### Exercise directions
All that is wanted is the exact text of the lines below from the one with "Stuffed Diablos Hunter" through the one with "lead funnel visual", inclusive, minus any pictures.

### Records provided
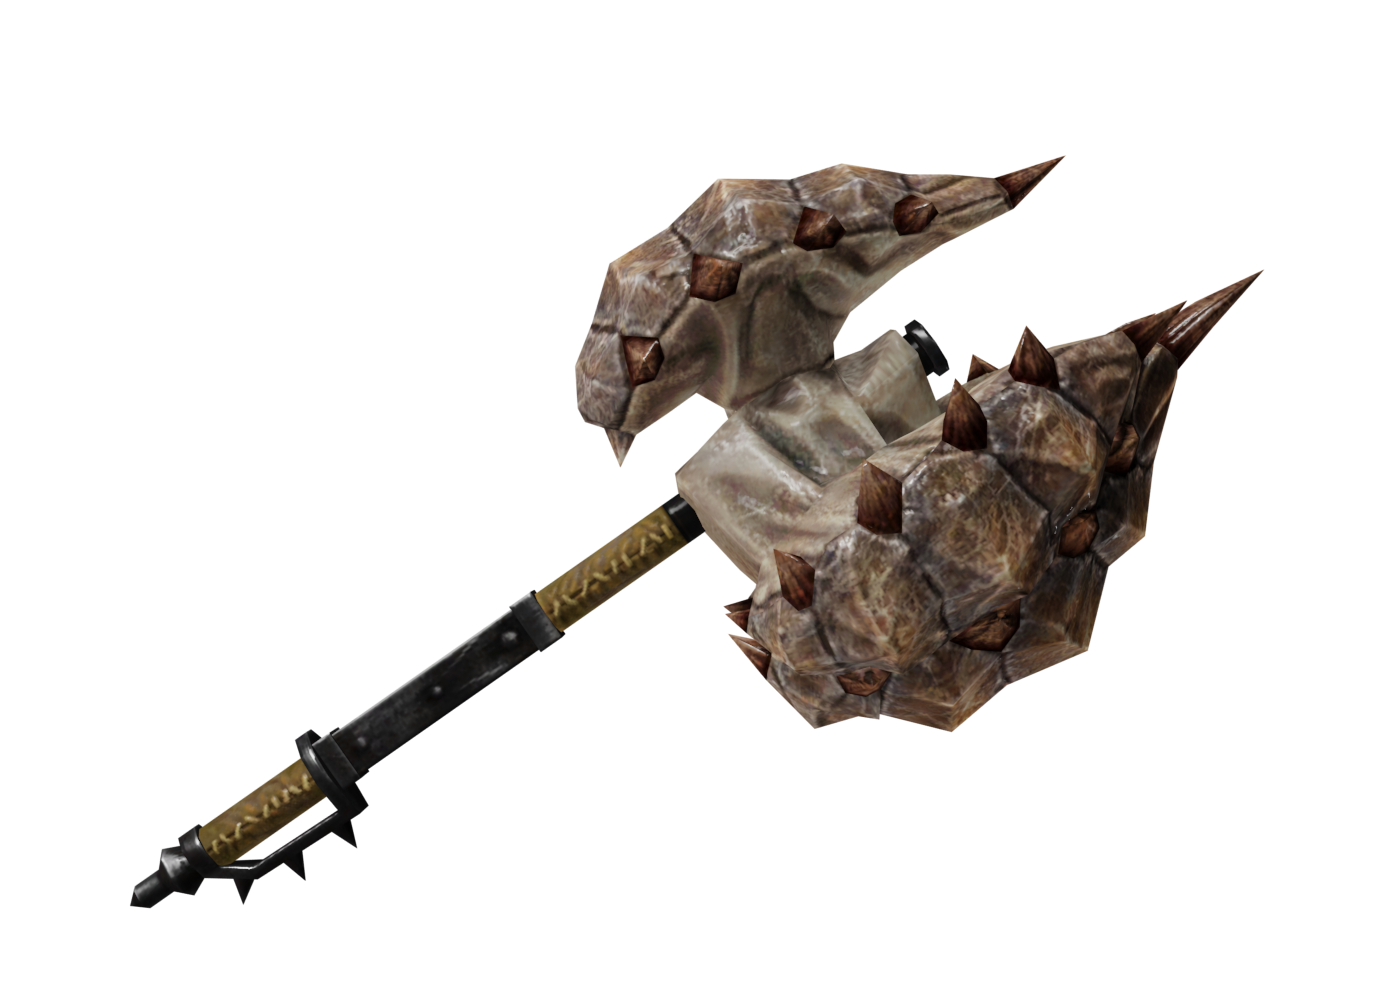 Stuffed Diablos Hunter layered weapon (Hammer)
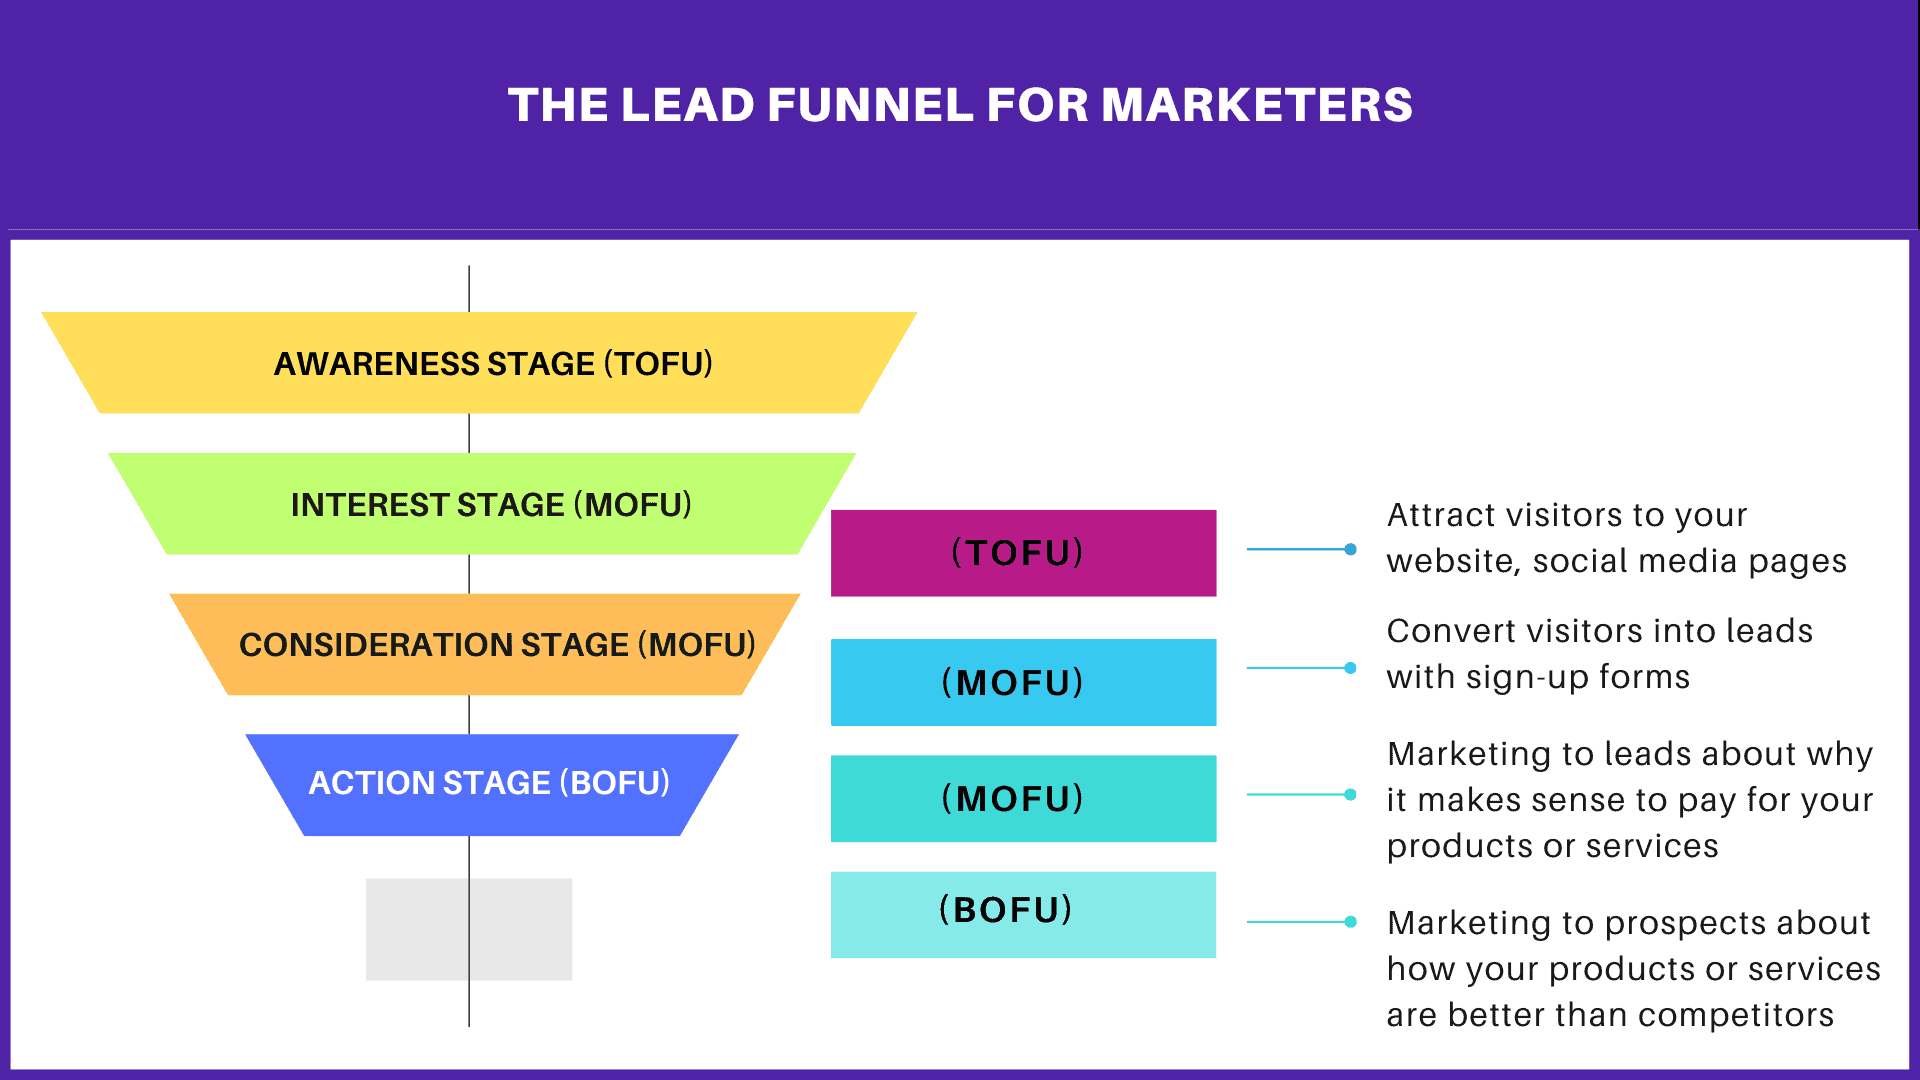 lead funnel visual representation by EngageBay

---

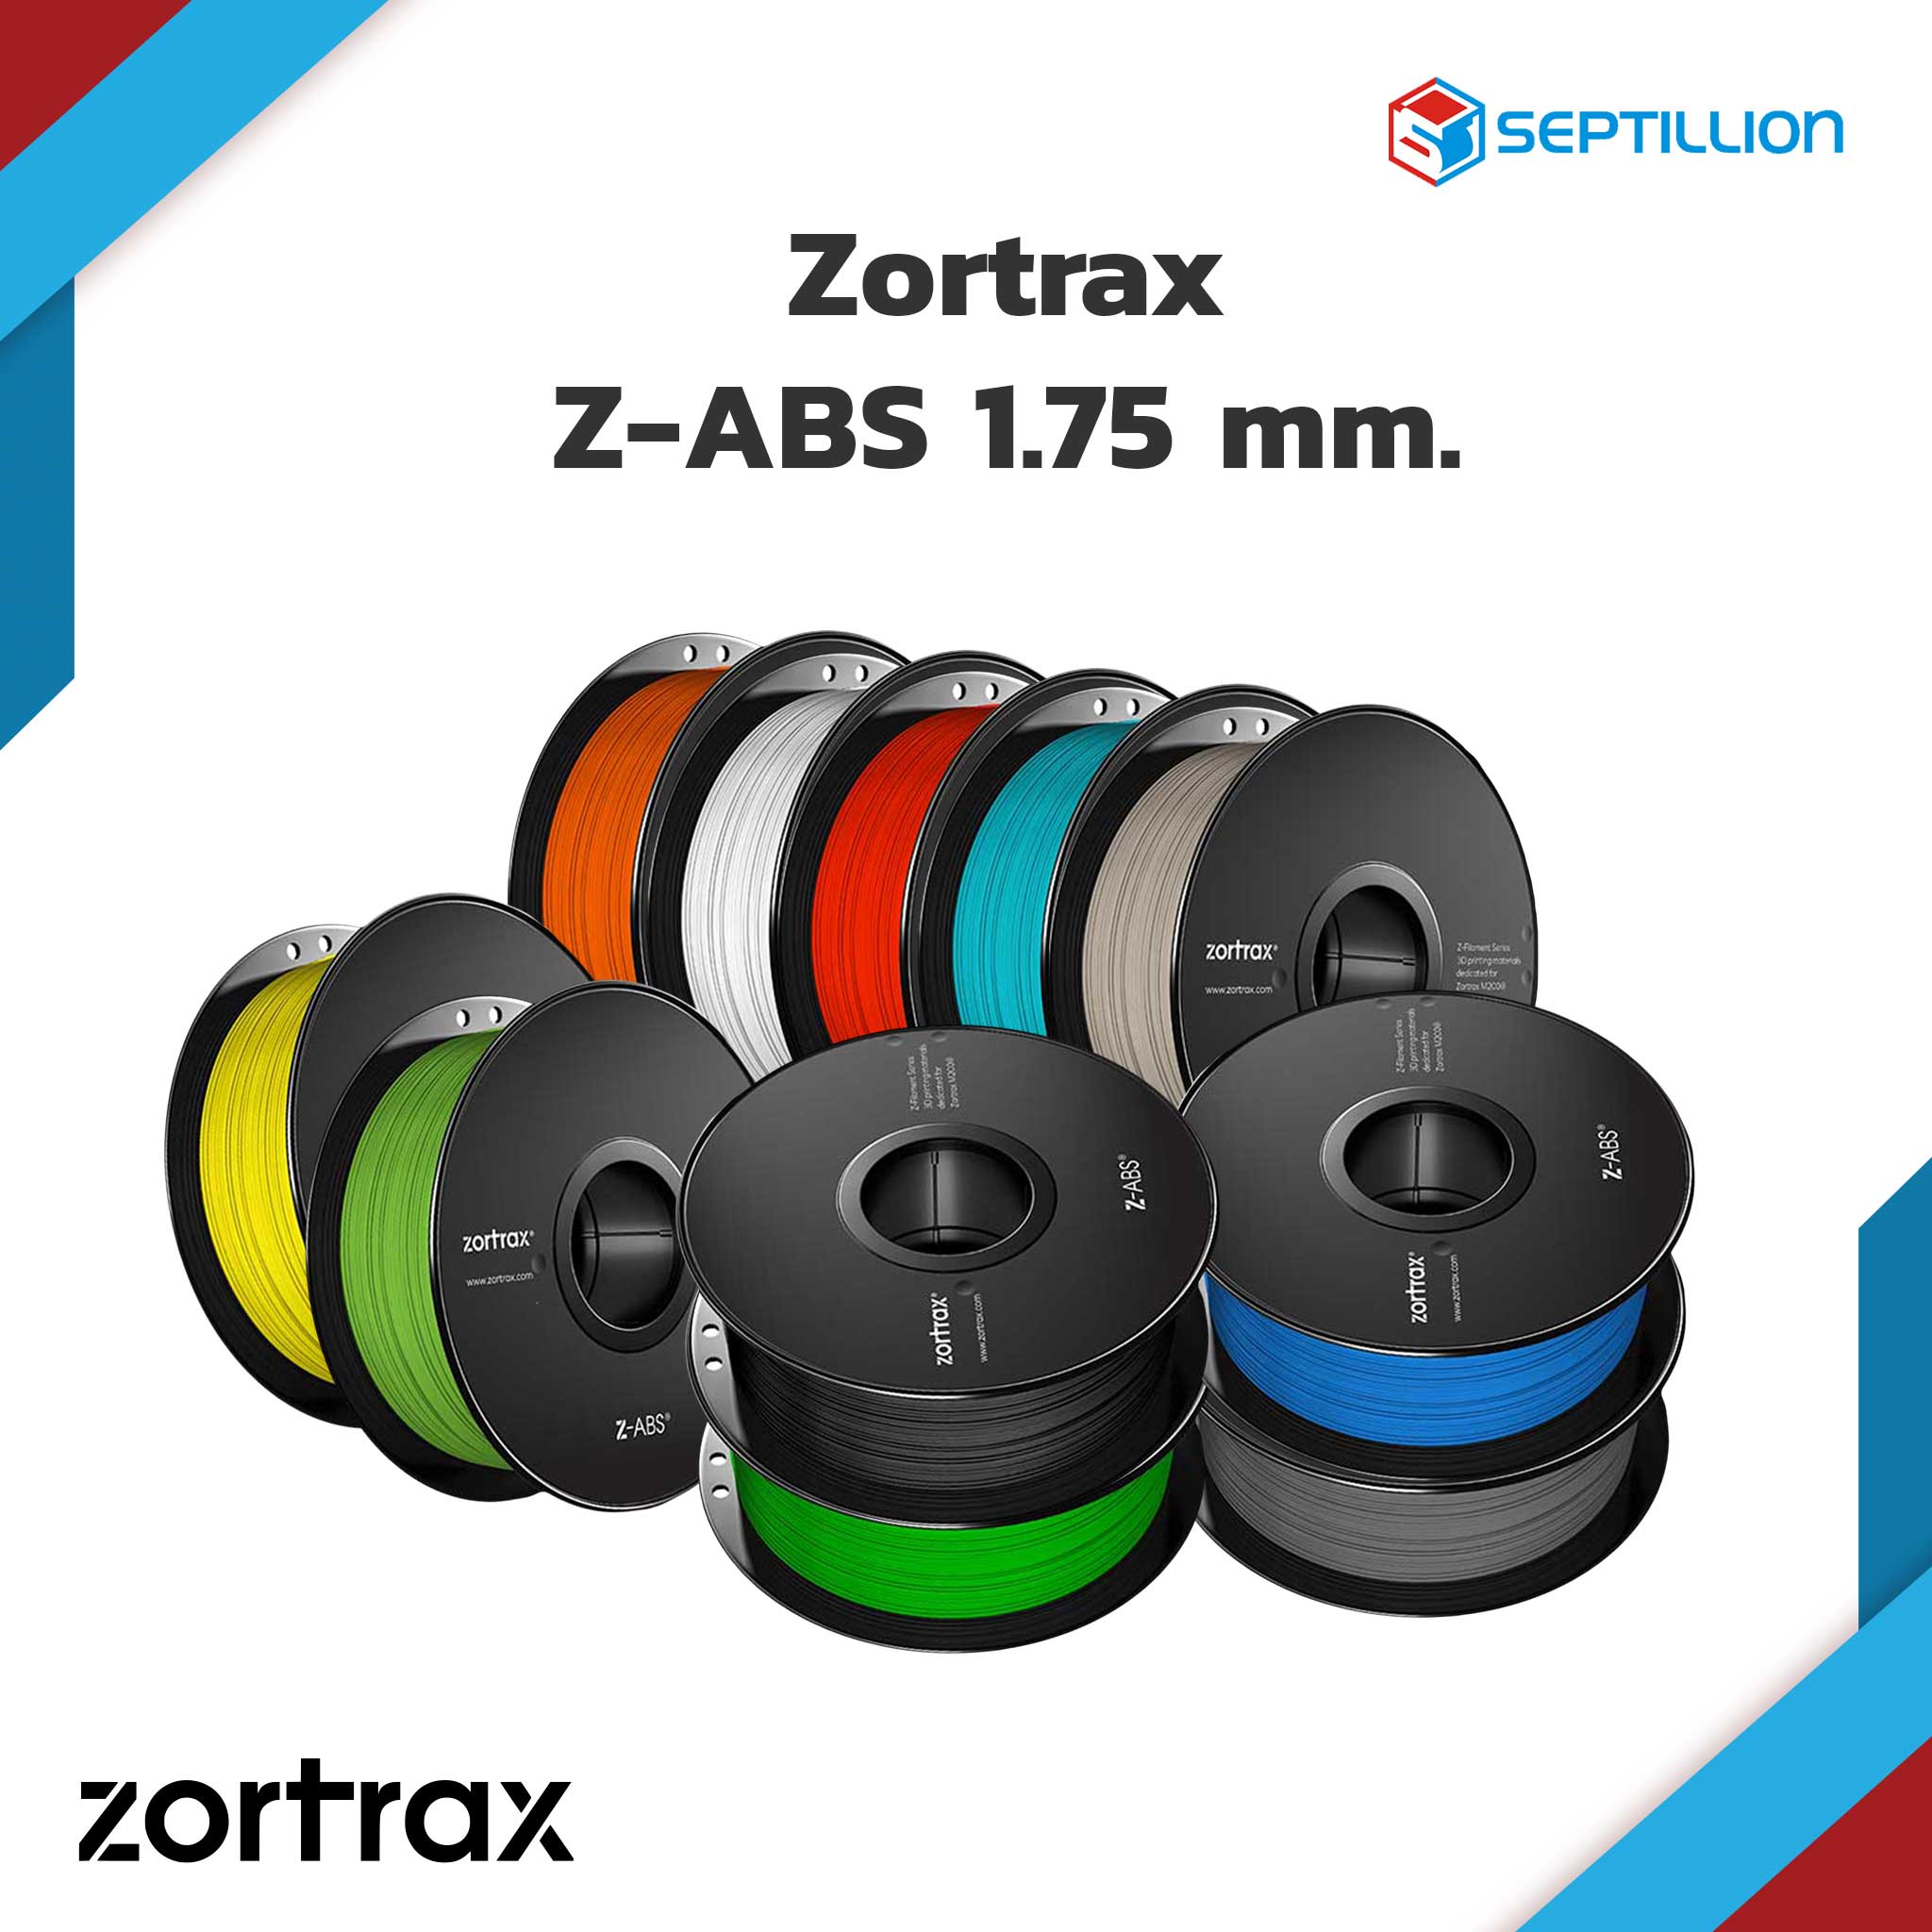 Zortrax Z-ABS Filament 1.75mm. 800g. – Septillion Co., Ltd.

### Answer to the problem
 Stuffed Diablos Hunter layered weapon (Hammer)
 lead funnel visual representation by EngageBay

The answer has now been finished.